- 5°51′31″N 10°4′40″E﻿ / ﻿5.85861°N 10.07778°E
- Location: Bamenda, Cameroon

= Shum Laka =

Archaeological site in Cameroon

The archaeological site of Shum Laka is the most prominent rockshelter site in the Grasslands region of the Laka Valley, northwest Cameroon. Occupations at this rockshelter date to the Later Stone Age. This region is important to investigations of the development and subsequent diffusion of Bantu-speaking peoples. The site of Shum Laka is located approximately 15 kilometers from the town of Bamenda, and it resides on the inner wall of the Bafochu Mbu caldera. The deposits at Shum Laka include each phase of cultural development in the Grasslands.

==Archaeology==

===Geoarchaeology of Shum Laka===

The rockshelter itself at Shum Laka is approximately 50 meters wide at its greatest point and 20 meters deep. Stratigraphic dating of surface and near surface deposits support occupations as early as 30,000 BP. Geomorphological analysis determined that the rockshelter had been subjected to alluvial depositional events during the Holocene, but archaeological deposits remained mostly intact and in situ. Fluvial erosional processes at the site were determined to have had their greatest impact laterally, and thus not damaged contextual integrity between cultural occupations. The importance of geoarchaeological investigations conducted at Shum Laka includes the construction of a reliable cultural chronology of the area, and an emphasis on the need to critically evaluate other rockshelter sites in the region.
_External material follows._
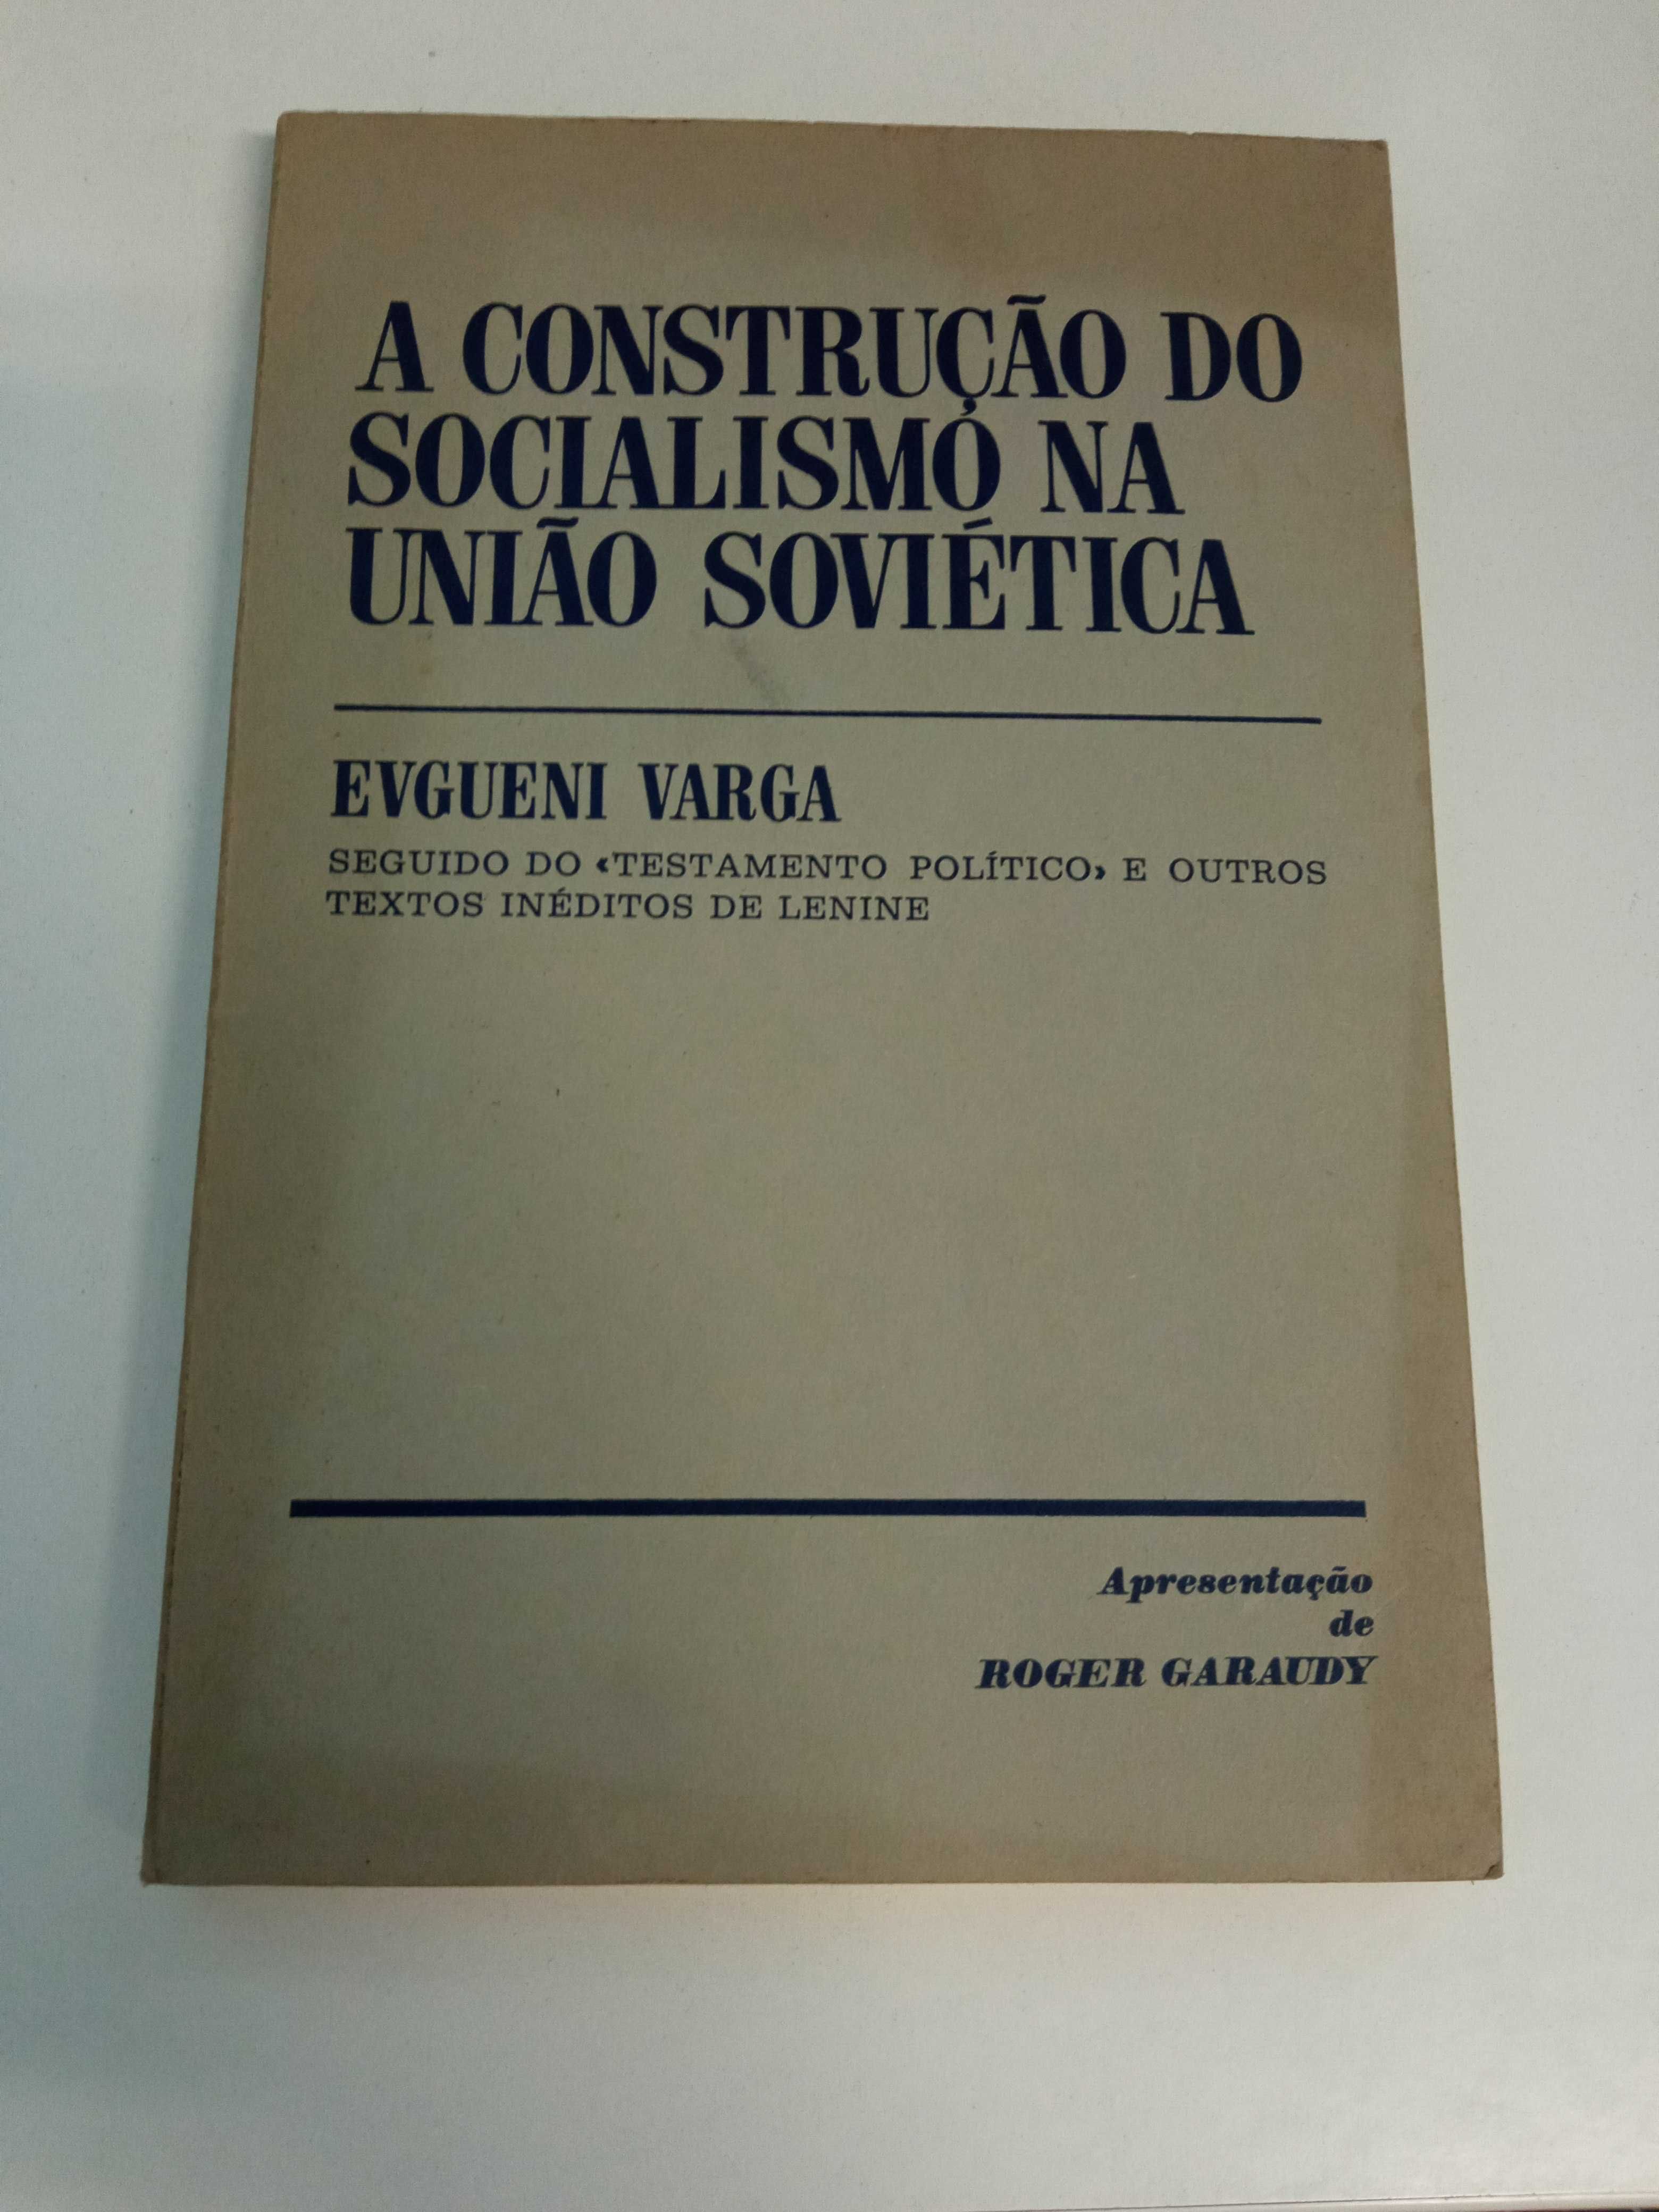 A Construção do Socialismo na União Soviética, de Evgueni Varga

===Archaeological deposits===

At Shum Laka, over 1,000 ceramic sherds, nearly 500,000 pieces of lithic materials, and 18 human skeletons were recovered. Radiocarbon dating of the bone and plant remains recovered demonstrated multiple occupations spanning from 30,000 BP to around 400 BP. Bone preservation from the early occupations is poor, with only a few surviving faunal remains and no bone tools. Later occupations depict common exploitation of medium-sized fauna from the forest. These remains include those from several gorillas and chimpanzees, and various artiodactyla. Based upon the small amounts of materials found in individual strata, it is proposed that the site was occupied for numerous short periods of time. Macrobotanical remains recovered were originally claimed to include both savanna grasses and forest trees, but the source wrongly cited a montane forest herb, Hypericum, as a savanna grass. These were interpreted as meaning that for a period of occupation during the Holocene, Shum Laka was located within an ecotone. Ceramic assemblages recovered from the site date from 7000 BP onward and are indicative of continued longer occupation by semi-agricultural populations. Additionally, these ceramic assemblages indicate the use of the rockshelter by different groups of peoples and that these people interacted with various western African states.

===Lithic assemblage and environmental variability===

The lithic assemblage in some of the late Pleistocene occupations at Shum Laka are unique in the presence of a quartz industry early than most other sites in the region. The presence of a microlithic quartz industry at Shum Laka, when combined with supporting evidence from other rockshelter and late Pleistocene sites in the Grasslands, is indicative of a more mobile population that exploited a variety of resources in the ecotonal landscape. This behavioral strategy is ascribed as an adaptation to common regional environmental changes during the late Pleistocene. It is well established that the late Pleistocene in northern Cameroon and the surrounding area was highly variable climatically. Particularly during the Last Glacial Maximum, refuge occupations by people would have been short-term and highly variable based on rapid, localized changes. Similar lithic assemblages and strategies as those found at Shum Laka have been delineated at other rockshelter sites in the area dating to the same period.

==Genetics==

===Ancient DNA===

Geneticists sequenced genome-wide DNA data from four Shum Laka foragers buried at the site of Shum Laka in Cameroon between 8000–3000 years ago. One individual 2/SEII carried the deeply divergent haplogroup A00 found at low frequencies among some present-day Niger-Congo speakers, but the genome-wide ancestry profiles for all four individuals are very different from the majority of West Africans today and instead are more similar to West-Central African hunter-gatherers. Despite the geographic proximity of Shum Laka to the hypothesized birthplace of Bantu languages and the temporal range of the samples bookending the initial Bantu expansion, these individuals are not representative of a Bantu source population. Phylogenetic model including Shum Laka features three major radiations within Africa: one phase early in the history of modern humans, one close to the time of the migration giving rise to non-Africans, and one in the past several thousand years. Present-day West Africans and some East Africans, in addition to Central and Southern African hunter-gatherers, retain ancestry from the first phase, which is therefore still represented throughout the majority of human diversity in Africa today.

==World Heritage status==

This site was added to the UNESCO World Heritage Tentative List on February 2, 2018 in the Cultural category.